Table 2 Results of the simulation of the routes assigned and the service time
| Name of service squad | Number of points assigned | Mean total time (h) of travel and service | Standard deviation of the total time (h) |
| Squad A | 3 | 4,14 | 1,14 |
| Squad B | 4 | 5,20 | 1,39 |
| Squad C | 4 | 5,68 | 1,39 |
| Squad D | 4 | 4,74 | 1,39 |
| Squad E | 4 | 7,52 | 1,39 |
| Squad F | 4 | 5,56 | 1,39 |
| Squad G | 5 | 6,55 | 1,53 |
| Squad H | 6 | 8,37 | 1,63 |
| Squad I | 7 | 10,47 | 1,81 |
| Squad J | 7 | 9,41 | 1,81 |
| Squad K | 7 | 9,46 | 1,81 |
| Squad L | 7 | 8,88 | 1,81 |
| Squad M | 8 | 10,79 | 1,88 |
| Squad N | 8 | 10,96 | 1,88 |
Source: Authors
Results of Table 2 show that in a working day of 8 hours, it is feasible to visit up to six customers. The variances tend to stabilize, and to be constant, when the same number of points assigned is considered. This is due to the number of replications simulated and the use of the same probability distribution for the customer service time.
Conclusions
The travelling salesman model was solved using the ant colony algorithm, produced more efficient squad movement routes than the manual method, with a reduction of up to 20% in the distance travelled by each service squad.
The valuation of the performance of the solution obtained by discrete event simulation, incorporating the service time required to attend to each customer visited on the route, showed that the result of the assignment allowed up to 6 customers to be visited within a maximum working day of 8 hours.
Validation by discrete event simulation presented a stable behavior of the variance, independently of the number of visit points assigned in the route.
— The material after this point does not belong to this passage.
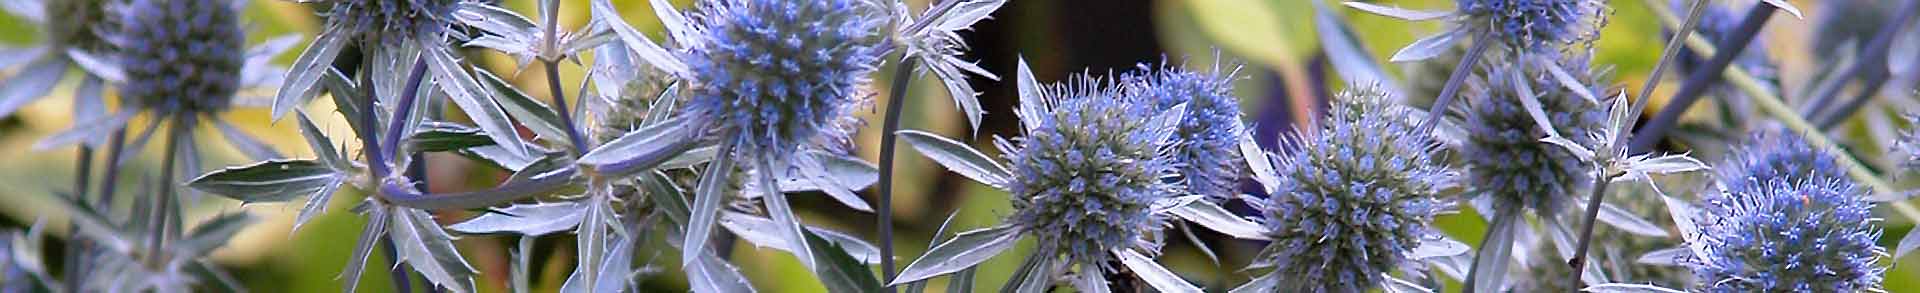 Striking, thistle-like, silvery and cobalt-blue-tinted Eryngium flowerheads in a summer garden border.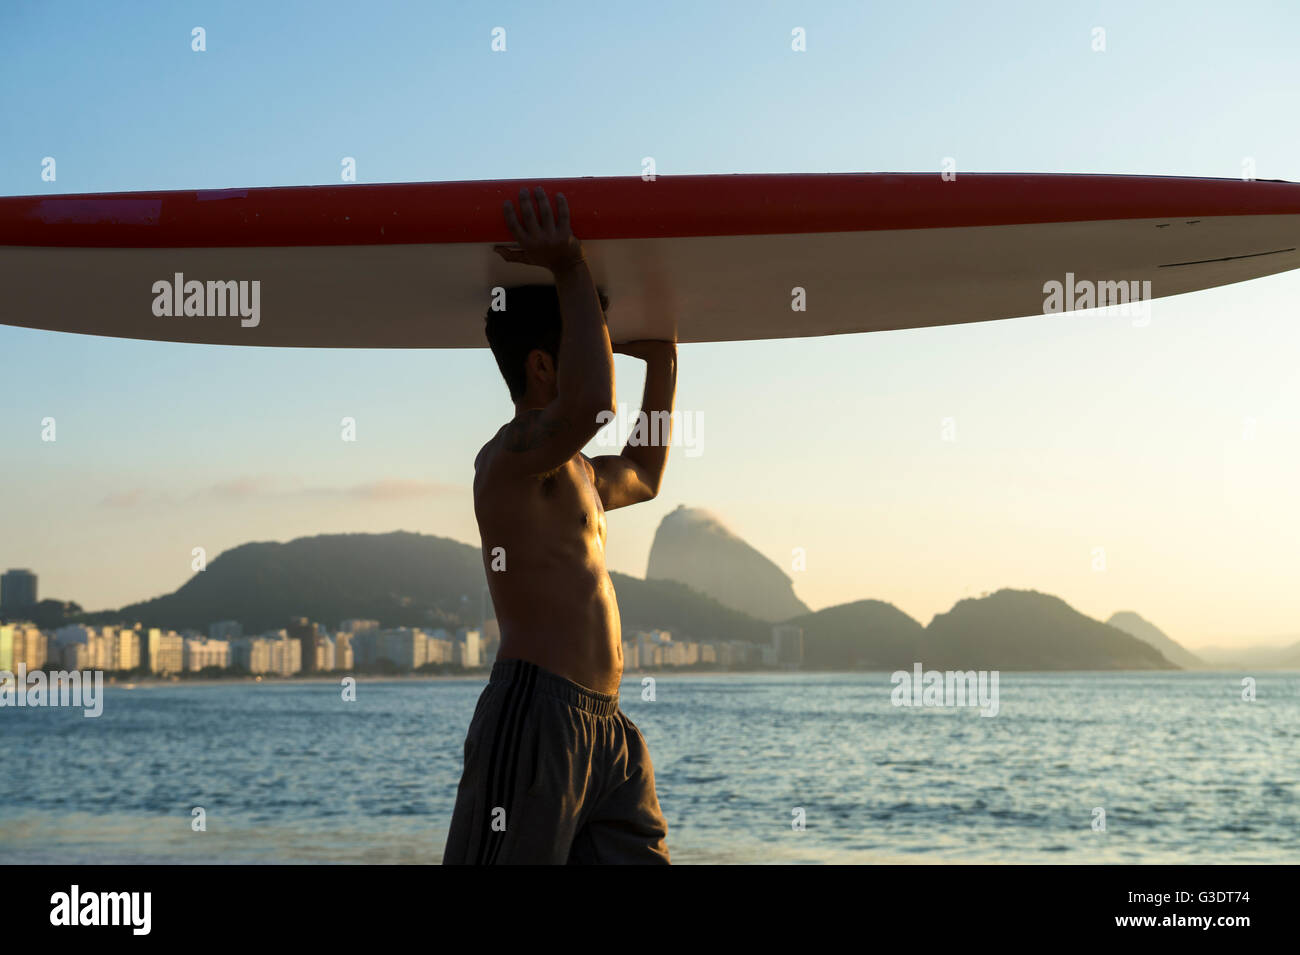 RIO DE JANEIRO - APRIL 5, 2016: A young Brazilian man on Copacabana Beach carries a surfboard in front of Sugarloaf Mountain. Stock Photo

However, the specific value of the variance was identical, depending on the number of customers visited. Based on the results obtained, it is proposed that the TSP model needs to be adapted if visits to more than 6 customers are to be included, adding the service time as an additional restriction in order to ensure compliance with a defined working day.
Current research evaluates the efficiency of a solution, through a criterion that involves variable attention times, without incorporating this factor in the determination of the result. According to this, a line for future research could be the study of the effect that the incorporation of service time variability would have as part of the model that generates the solution.